The following table shows the reconciliation of net earnings (loss) to adjusted net earnings (loss) for the periods indicated:
|Three months ended||Nine months ended|
|Sept. 30||June 30||Mar. 31||Dec. 31||Sept. 30||June 30||Mar. 31||Sept. 30||Sept. 30|
|GAAP||Net earnings (loss)||136||(93)||71||186||1,390||(196)||(458)||114||736|
|Impairment of property, plant and equipment, net of tax||–||123||–||(202)||–||12||–||123||12|
|Exploration and evaluation asset write-downs, net of tax||1||3||–||41||–||22||–||4||22|
|Inventory write-downs, net of tax||–||–||–||6||–||–||–||–||–|
|Loss (gain) on sale of assets, net of tax||(1)||(23)||–||(37)||(1,490)||71||–||(24)||(1,419)|
|Non-GAAP||Adjusted net earnings (loss)||136||10||71||(6)||(100)||(91)||(458)||217||(649)|
|Weighted average number of common shares outstanding||1,005.2||1,005.5||1,005.5||1,004.9||1,005.5||1,005.5||1,005.5||1,005.4||1,004.7|
|Per common share – Basic ($/share)||0.14||0.01||0.07||(0.01)||(0.10)||(0.09)||(0.46)||0.22||(0.65)|
Net debt is a non-GAAP measure that equals total debt less cash and cash equivalents. Total debt is calculated as long-term debt, long-term debt due within one year and short-term debt. Net debt is considered to be a useful measure in assisting management and investors to evaluate the Company’s financial strength.
The following table shows the reconciliation of total debt to net debt as at the dates indicated:
|Sept. 30||June 30||Mar. 31||Dec. 31||Sept. 30||June 30||Mar. 31|
|Long-term debt due within one year||–||390||400||403||656||260||259|
|Cash and cash equivalents||(2,486)||(2,500)||(2,245)||(1,319)||(1,380)||(20)||–|
Net debt to trailing funds from operations is a non-GAAP measure and is equal to net debt divided by the 12-month trailing funds from operations as at September 30, 2017. Net debt to trailing funds from operations is considered to be a useful measure in assisting management and investors to evaluate the Company’s financial strength.
Operating netback is a common non-GAAP measure used in the oil and gas industry. This measure assists management and investors to evaluate the specific operating performance by product at the oil and gas lease level.

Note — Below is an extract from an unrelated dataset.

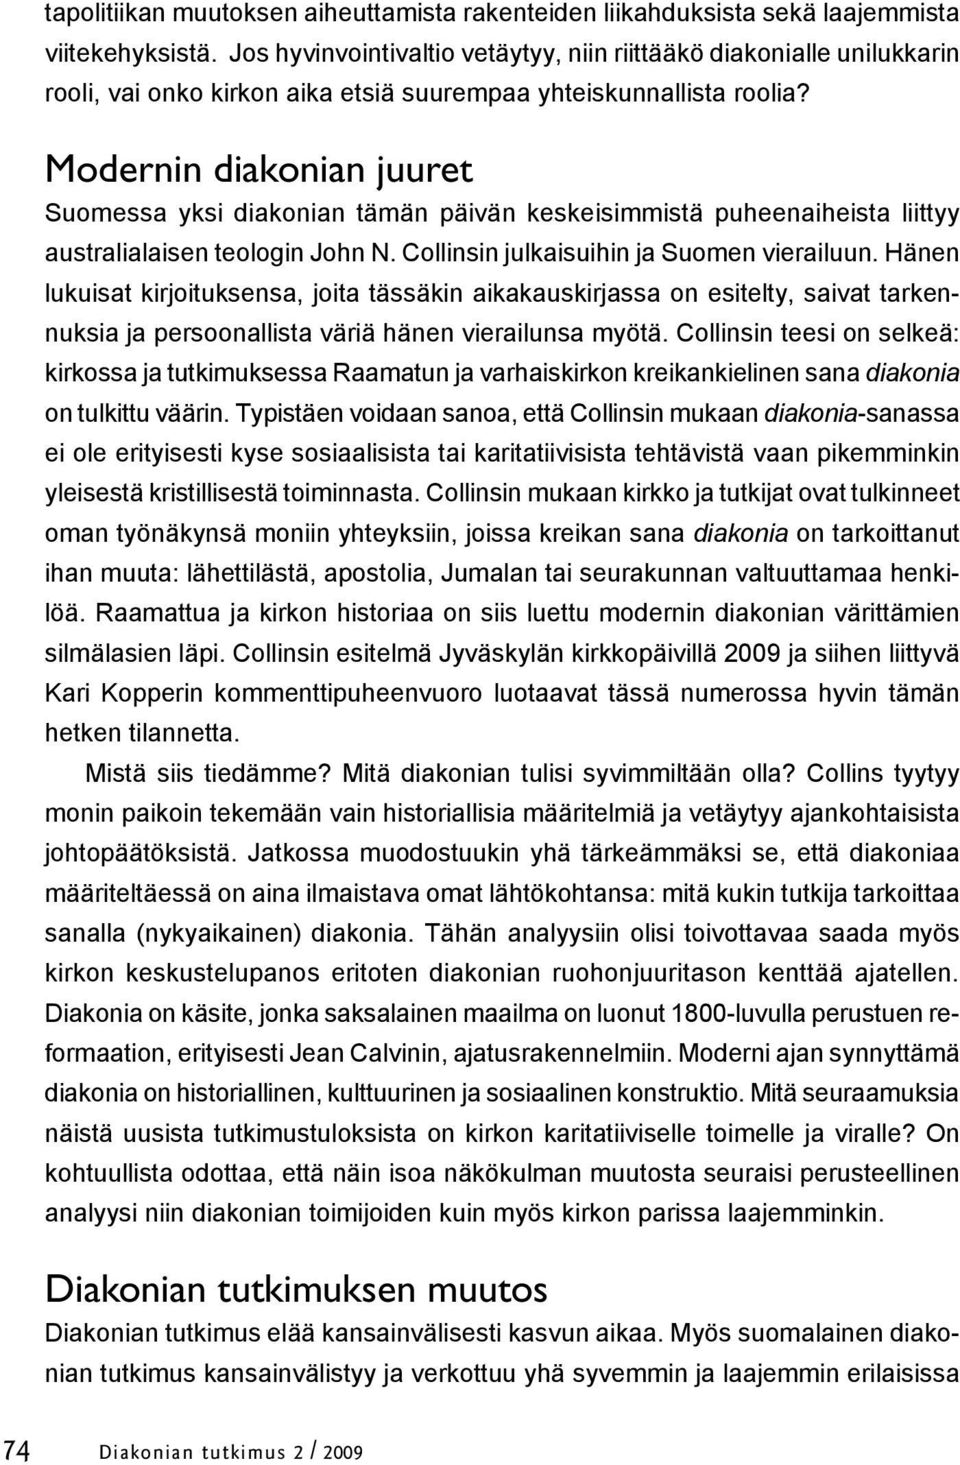 Modernin diakonian juuret Suomessa yksi diakonian tämän päivän keskeisimmistä puheenaiheista liittyy australialaisen teologin John N. Collinsin julkaisuihin ja Suomen vierailuun.

Operating netback is calculated as gross revenue less royalties, production and operating and transportation costs on a per unit basis.

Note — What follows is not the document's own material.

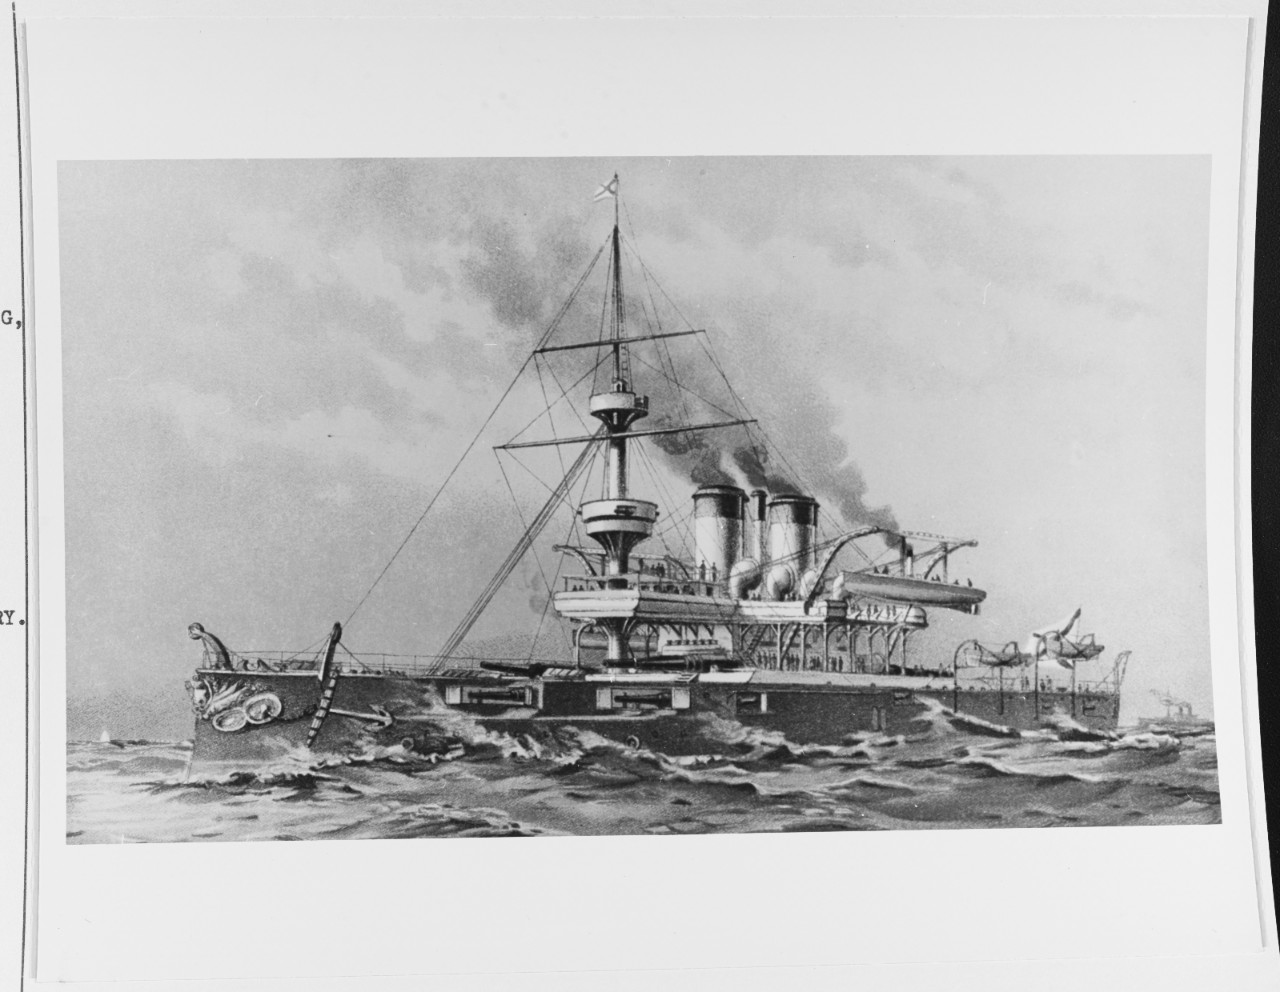 SINOPE (Russian battleship, 1887)

DISCLOSURE OF OIL AND GAS INFORMATION
The Company uses the term “barrels of oil equivalent” (or “boe”), which is consistent with other oil and gas companies’ disclosures, and is calculated on an energy equivalence basis applicable at the burner tip whereby one barrel of crude oil is equivalent to six thousand cubic feet of natural gas. The term boe is used to express the sum of the total company products in one unit that can be used for comparisons. Readers are cautioned that the term boe may be misleading, particularly if used in isolation. This measure is used for consistency with other oil and gas companies and does not represent value equivalency at the wellhead.
Unless otherwise noted, projected and historical production volumes provided represent the Company’s working interest share before royalties.
All currency is expressed in Canadian dollars unless otherwise indicated.